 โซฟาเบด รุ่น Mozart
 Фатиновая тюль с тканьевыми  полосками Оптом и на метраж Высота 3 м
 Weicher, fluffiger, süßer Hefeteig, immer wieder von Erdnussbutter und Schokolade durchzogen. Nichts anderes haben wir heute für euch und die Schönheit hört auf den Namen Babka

...

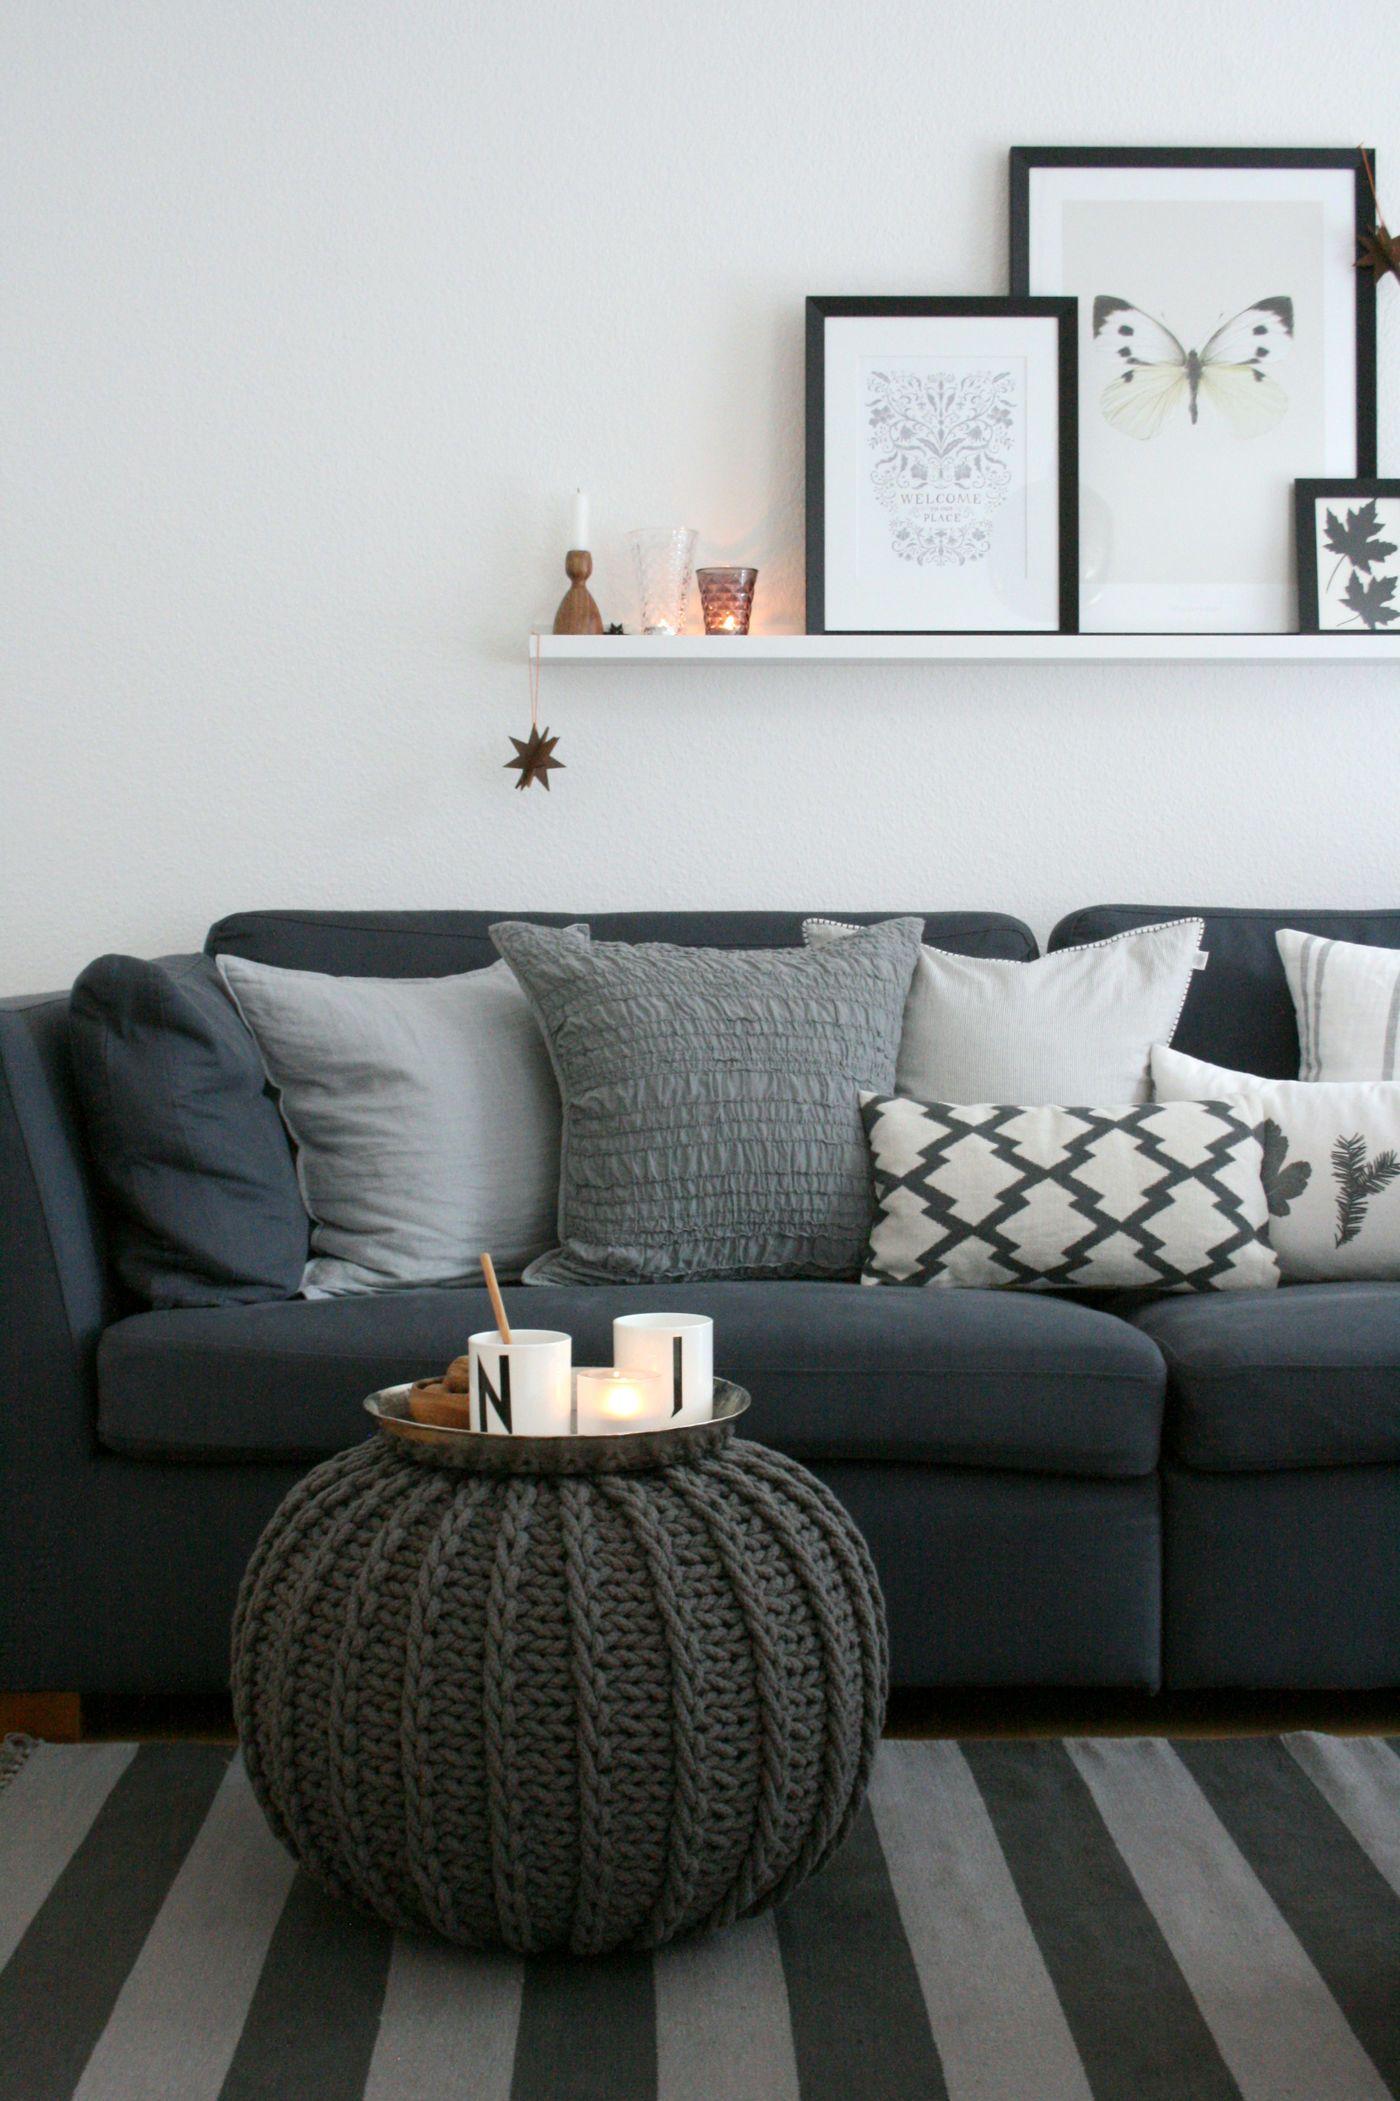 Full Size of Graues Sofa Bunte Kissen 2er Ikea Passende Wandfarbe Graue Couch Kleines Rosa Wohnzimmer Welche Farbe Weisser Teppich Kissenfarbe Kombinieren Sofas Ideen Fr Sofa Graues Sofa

## BRIEF
Copy only this part of the entries above: the line with "โซฟาเบด รุ่น Mozart", the line with "Weicher, fluffiger, süßer", and the lines between, all exactly as written.

## ANSWER FOR THE TASK
 โซฟาเบด รุ่น Mozart
 Фатиновая тюль с тканьевыми  полосками Оптом и на метраж Высота 3 м
 Weicher, fluffiger, süßer Hefeteig, immer wieder von Erdnussbutter und Schokolade durchzogen. Nichts anderes haben wir heute für euch und die Schönheit hört auf den Namen Babka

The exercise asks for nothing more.